Execution goes inside request (JS_BeginRequest/JS_EndRequest), after
each request I call JS_MaybeGC();
So, a used all recommended techniques to improve performance, listed
on MDC. (using different global object in each context, do not put
blocking operations inside requests, etc. ) But performance still
dramatically decreases, when multiple threads (10-20) are running.
Example - if i have only 1 thread running, task is done ind time T; if
10 threads running the same task is done for time about 5*T -- 7*T.
(There 16 CPU's) C++ does not decrease performance in same
_multithreaded_ test as it does Tracemonkey (in 5-7 times, C++ only in
2 times).
The question is: maybe Tracemonkey has a lot of internal blocking or
something like that, and it's slowes it down? Or maybe there some
another possibilities to increase performance? Thanks.

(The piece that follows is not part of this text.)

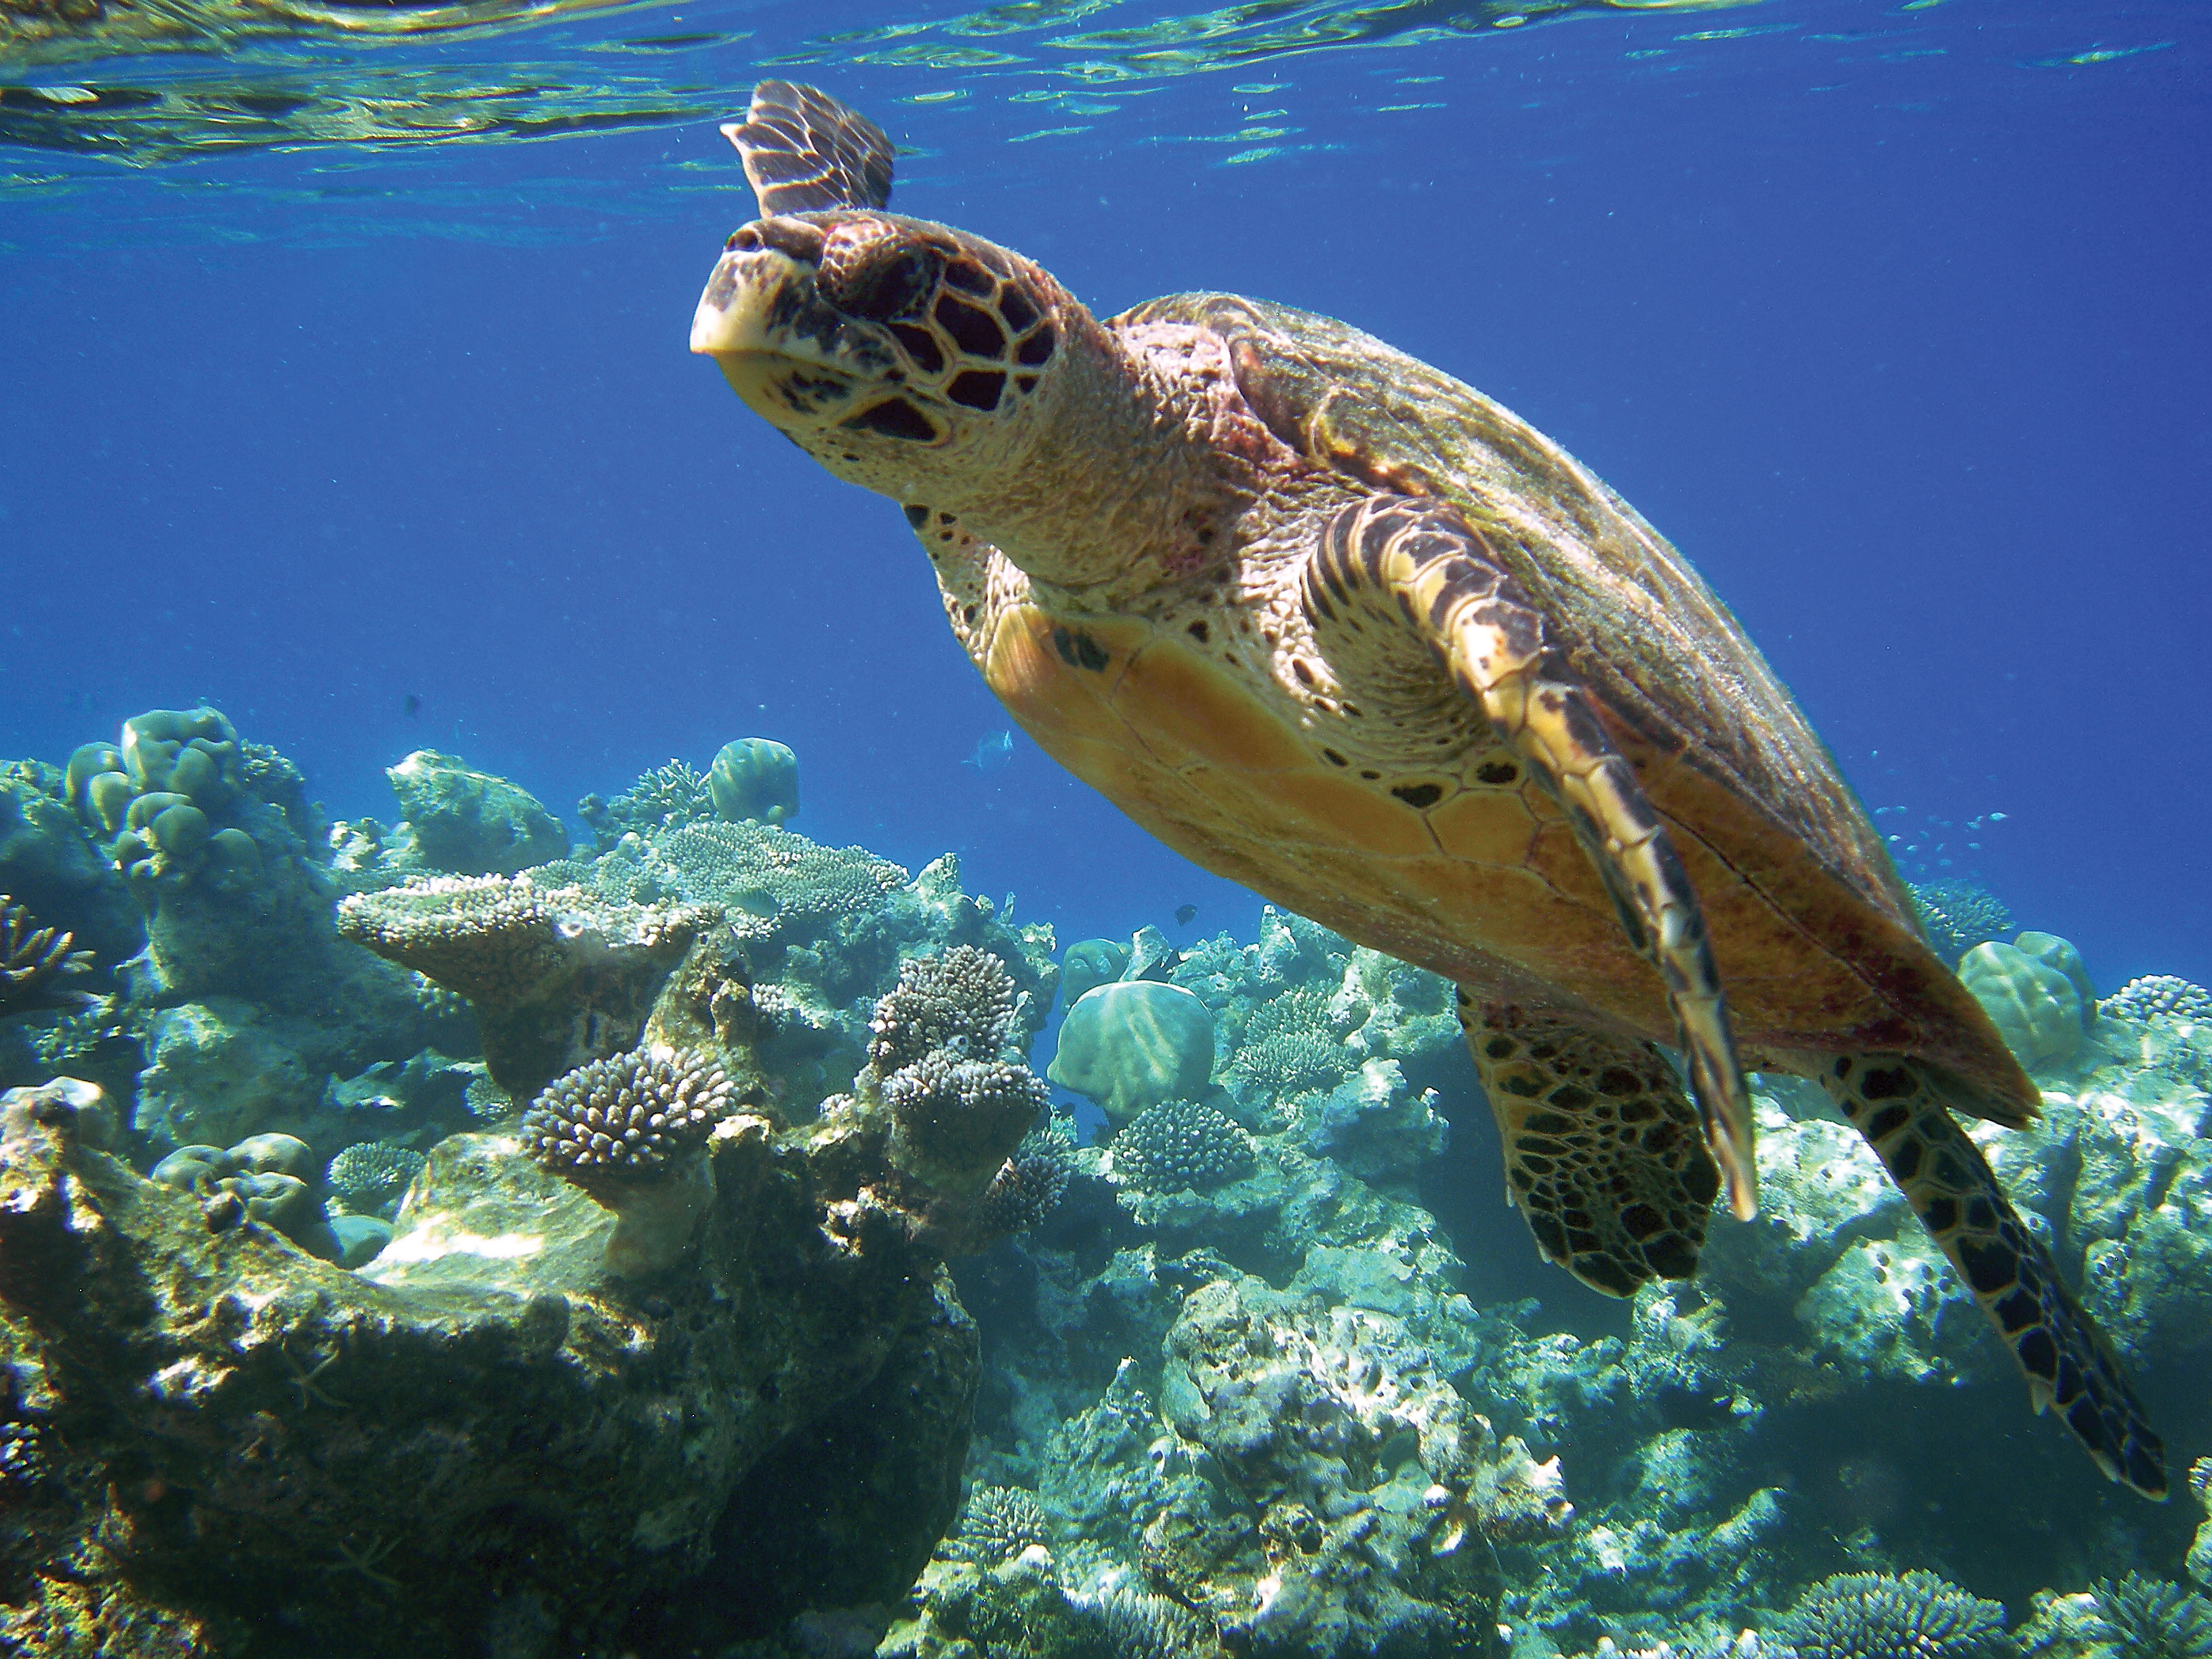 A hawskbill turtle, shown swimming just under the ocean's surface, that may outlive many governments in the Americas. (Photo by Neil O'Halloran.)

#0 0xb7fe7524 in __kernel_vsyscall ()
#1 0xb79da56e in __lll_mutex_lock_wait () from /lib/tls/i686/cmov/
libpthread.so.0
#2 0xb79d7182 in _L_mutex_lock_152 () from /lib/tls/i686/cmov/
libpthread.so.0
#3 0x6e617669 in ?? ()
#4 0xb7f54b21 in js_NativeGet () from /home/itroot/build/prefix/lib/
libmozjs.so
#5 0xb7885b22 in PR_Lock () from /home/itroot/build/prefix/lib/
libnspr4.so
#6 0xb7f46c28 in js_Enqueue () from /home/itroot/build/prefix/lib/
libmozjs.so
#7 0xb7f0b362 in js_AtomizeString () from /home/itroot/build/prefix/
lib/libmozjs.so
#8 0xb7f0b659 in js_Atomize () from /home/itroot/build/prefix/lib/
libmozjs.so
#9 0xb7efe431 in DefineProperty () from /home/itroot/build/prefix/lib/
libmozjs.so
or
Thread 49 (Thread -1633506384 (LWP 19430)):
#0 0xb7fe7524 in __kernel_vsyscall ()
#1 0xb79da56e in __lll_mutex_lock_wait () from /lib/tls/i686/cmov/
libpthread.so.0
#2 0xb79d7182 in _L_mutex_lock_152 () from /lib/tls/i686/cmov/
libpthread.so.0
#3 0x00000004 in ?? ()
#4 0xb7f73c13 in dosprintf () from /home/itroot/build/prefix/lib/
libmozjs.so
#5 0xb7885b22 in PR_Lock () from /home/itroot/build/prefix/lib/
libnspr4.so
#6 0xb7f46c28 in js_Enqueue () from /home/itroot/build/prefix/lib/
libmozjs.so
#7 0xb7f0b362 in js_AtomizeString () from /home/itroot/build/prefix/
lib/libmozjs.so
#8 0xb7f0b659 in js_Atomize () from /home/itroot/build/prefix/lib/
libmozjs.so
#9 0xb7f4ca8b in js_GetClassId () from /home/itroot/build/prefix/lib/
libmozjs.so
#10 0xb7f52f1a in js_NewObject () from /home/itroot/build/prefix/lib/
libmozjs.so
#11 0xb7f03562 in JS_NewPropertyIterator () from /home/itroot/build/
prefix/lib/libmozjs.so
or
Thread 30 (Thread -1474045008 (LWP 19411)):
#0 0xb7fe7524 in __kernel_vsyscall ()
#1 0xb79d7e16 in pthread_cond_wait@@GLIBC_2.3.2 () from /lib/tls/i686/
cmov/libpthread.so.0
#2 0xb7885992 in PR_WaitCondVar () from /home/itroot/build/prefix/lib/
libnspr4.so
#3 0xb7f46c9b in js_Enqueue () from /home/itroot/build/prefix/lib/
libmozjs.so
#4 0xb7f0b362 in js_AtomizeString () from /home/itroot/build/prefix/
lib/libmozjs.so
#5 0xb7f0b659 in js_Atomize () from /home/itroot/build/prefix/lib/
libmozjs.so
#6 0xb7f0257e in JS_GetProperty () from /home/itroot/build/prefix/lib/
libmozjs.so
Can I configure tracemonkey behavior in that way, that it not to do
additional locking while acessing properties, etc?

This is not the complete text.